Pop goes the luxury five-star hotel bubble, as investors focus on upscale
Skift Take
Developers are shunning luxury hotels in the U.S. as room rates fail to rebound to peak levels and profits are squeezed by the costs of offering swanky amenities such as spas and trendy restaurants.
Six luxury hotels are expected to open in 2013, the same as in 2012 and down from 23 just three years ago, according to Lodging Econometrics, a Portsmouth, New Hampshire-based research and consulting firm. Investors are instead focusing on the so- called upscale category, where new properties are forecast to climb 49 percent from last year to 131 hotels.

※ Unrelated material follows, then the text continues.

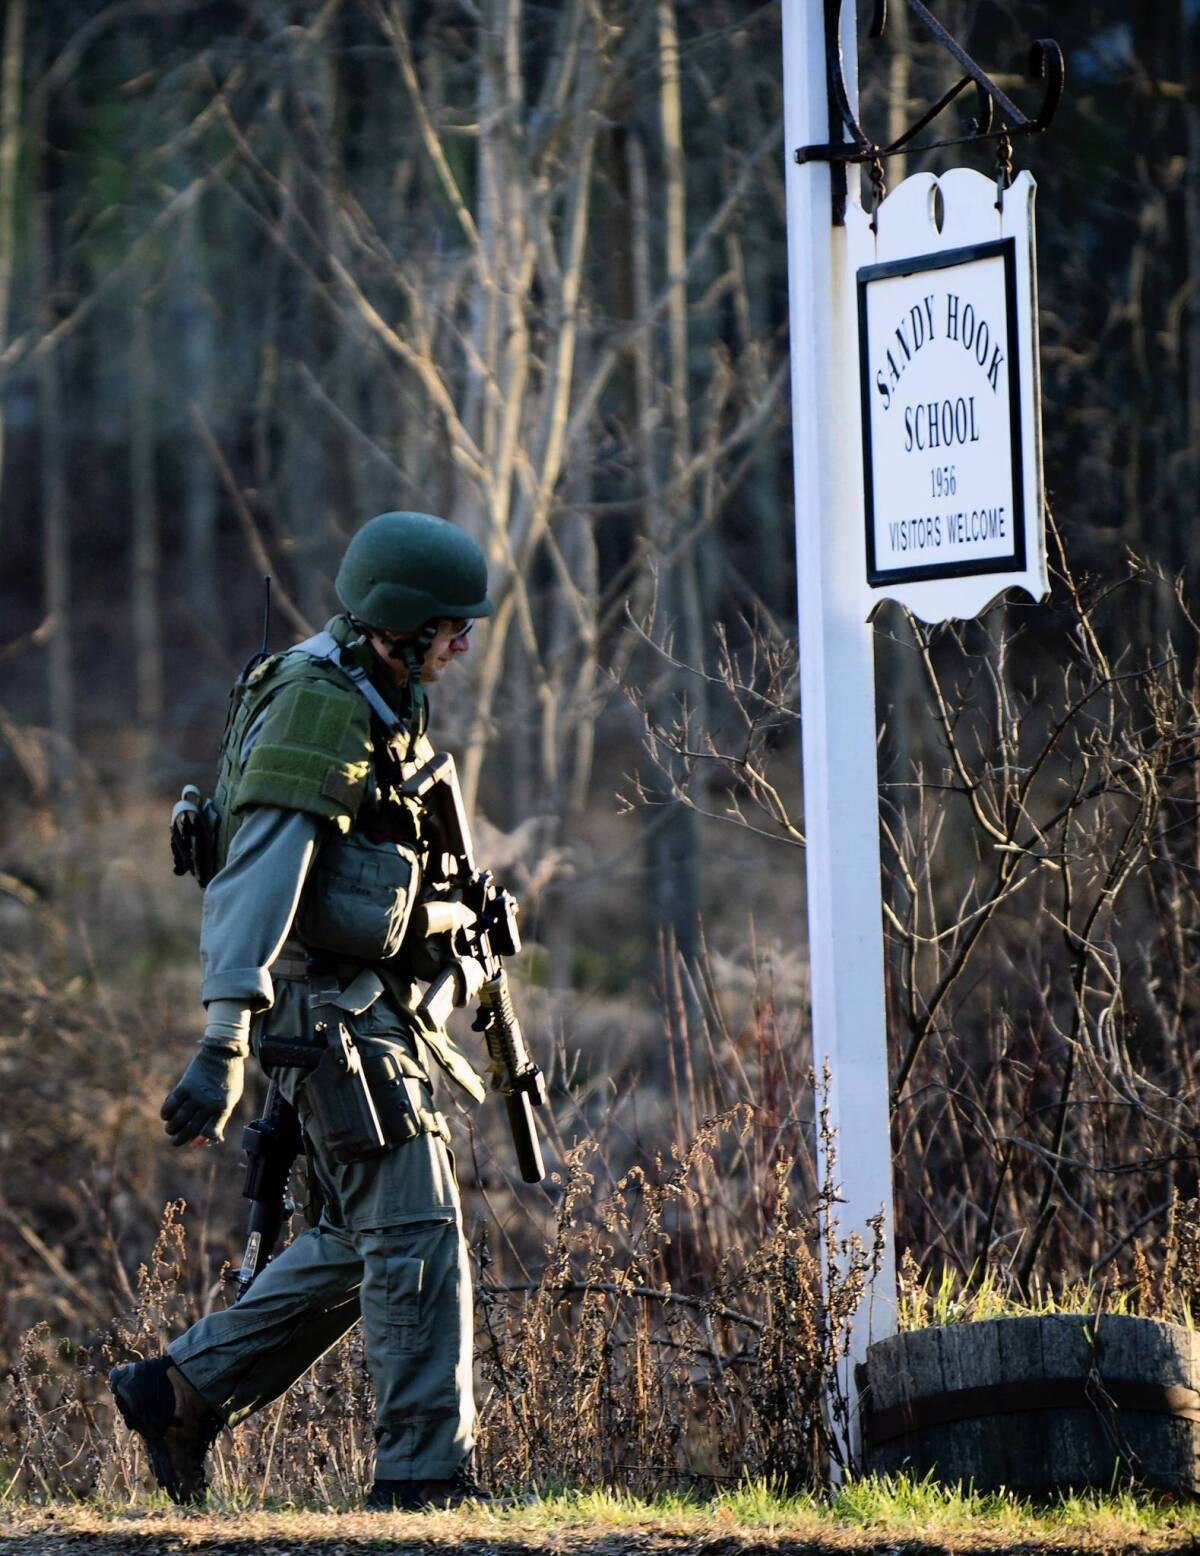 A state trooper leaves the Sandy School in Newtown, Conn., on Dec. 14, 2012.

The decline in construction, combined with conversions of existing properties into cheaper options, signals there may be fewer five-star choices in the future for travelers seeking the highest-quality rooms and amenities. Lower margins for luxury hotels have made them less attractive for property owners, said Steven Goldberg, head of real estate investment banking at Robert W. Baird & Co. in McLean, Virginia.
“It’s nearly impossible to do a new five-star built in the U.S. that makes economic sense today,” Goldberg said. “The total number of luxury hotel rooms is very likely going to be less in five years from now as compared to today.”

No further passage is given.